Here are a few arguments that Ballentine’s attorneys sent over to us:

  1. The indictments were from closings that happened in 2004 and 05.
  2. Warren opened his law office in dec of 2004.
  3. Prior to that, Warren had never done anything in real estate.
  4. In Illinois, the buyers attorney does none of the paper work.
  5. All the closings that the witnesses testified to happened within the first three months of warren opening his office.
  6. Warren had been a lawyer for 18 months prior to these closings and arrived at least 35 min late to all the closings in which paperwork had already been signed.
  7. Everyone who testified against Warren received 40 percent off their jail time.
  8. Not one person testified that Warren knew what they were doing or that it was fraudulent.
  9. Warren made the minimal fee of $350, while all the other people involved earned an average of 25k.
  10. Warren is looking at jail time for malpractice at best, but he’s not a criminal.
  11. Warren’s attorneys are asking that the public reach out to the White House and Valerie Jarrett to pardon an innocent man.

Ballentine’s attorneys are asking that he receive a pardon from President Obama. During the real estate boom of the early part of the last decade, thousands of Americans fabricated information on loan applications. Many of those at the top, including Wall Street bankers and bank executives, were never prosecuted, but a few consumers did end up facing charges.

According to CBS News, mortgage fraud was widespread during the Real Estate bubble.

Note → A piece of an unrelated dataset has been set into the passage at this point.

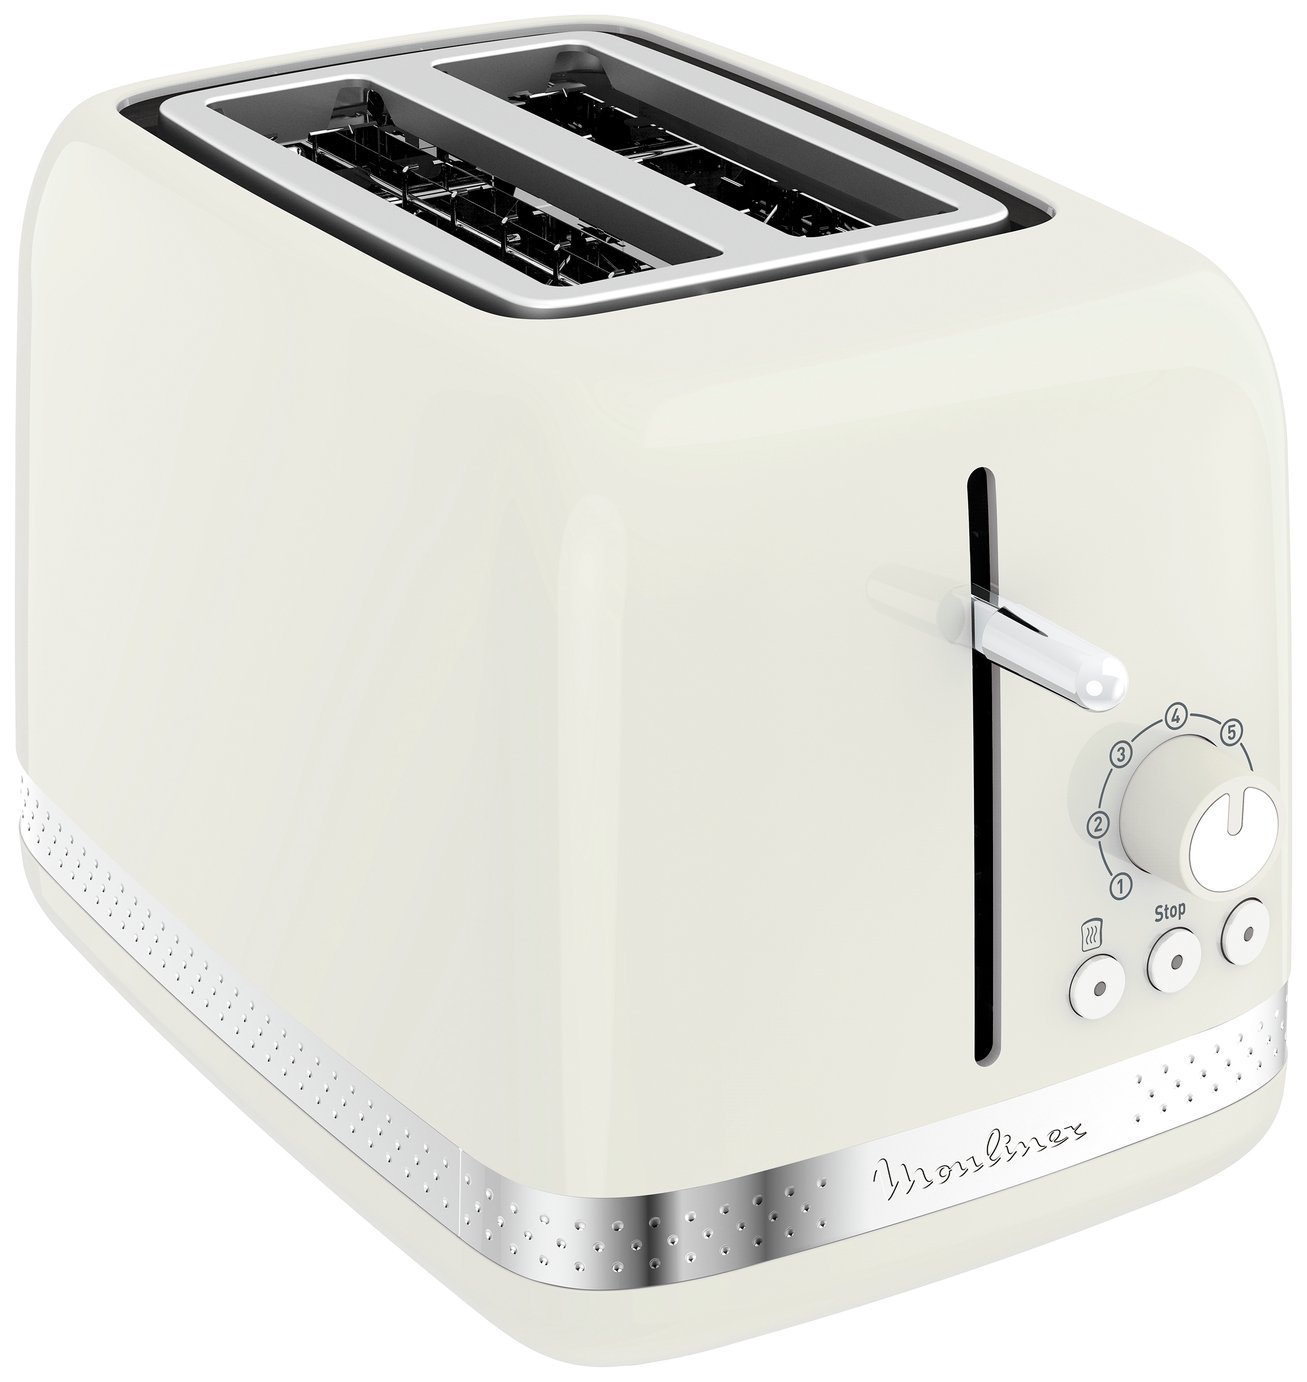 Moulinex LT300A41 2 Slice Toaster review

The housing crisis started with a slew of bad loans. You know the story line: Lenders issued loans to borrowers for homes they couldn’t afford, who then defaulted on those loans. It all ended in tears and foreclosures.
Perhaps less well known is that fraud was a endemic during the housing bubble. A recent study found the lenders weren’t just making bad deals — they were falsifying documents in order to make loans look better on paper. Banks then sold these bogus mortgages to investors all over the world. The paper adds to the growing body of research that shows conclusively that banks knew they were writing bad loans, often in violation of their own lending standards.
Some examples of this fraud. A mortgage was made to look on paper like it was being taken out for a primary residence when it was really for an investment property. On paper, a buyer with two mortgages looked like he or she only had one. Credit scores were manipulated and appraisals were inflated.

Also, the United States Inspector General was heavily critical of the Department of Justice for not prosecuting many of the major mortgage fraud cases, especially those that involved high-ranking officials, many of whom were responsible for millions of dollars in losses and personally received millions in profit from fraudulent behavior. When put in its proper context, it’s difficult to argue that Ballentine’s indiscretions were on a scale that was anywhere near it needed to be in order to become a prosecutorial priority.

For the record, you should make sure that your bank loan information is as accurate as possible. Faulty information can lead to very serious charges. In terms of Ballentine, many believe that his conviction was harsh in light of the amount of money received and the fact that it’s not clear that Ballentine knew what was going on. Even if he knew what was going on, it doesn’t appear that he profited very much from the information.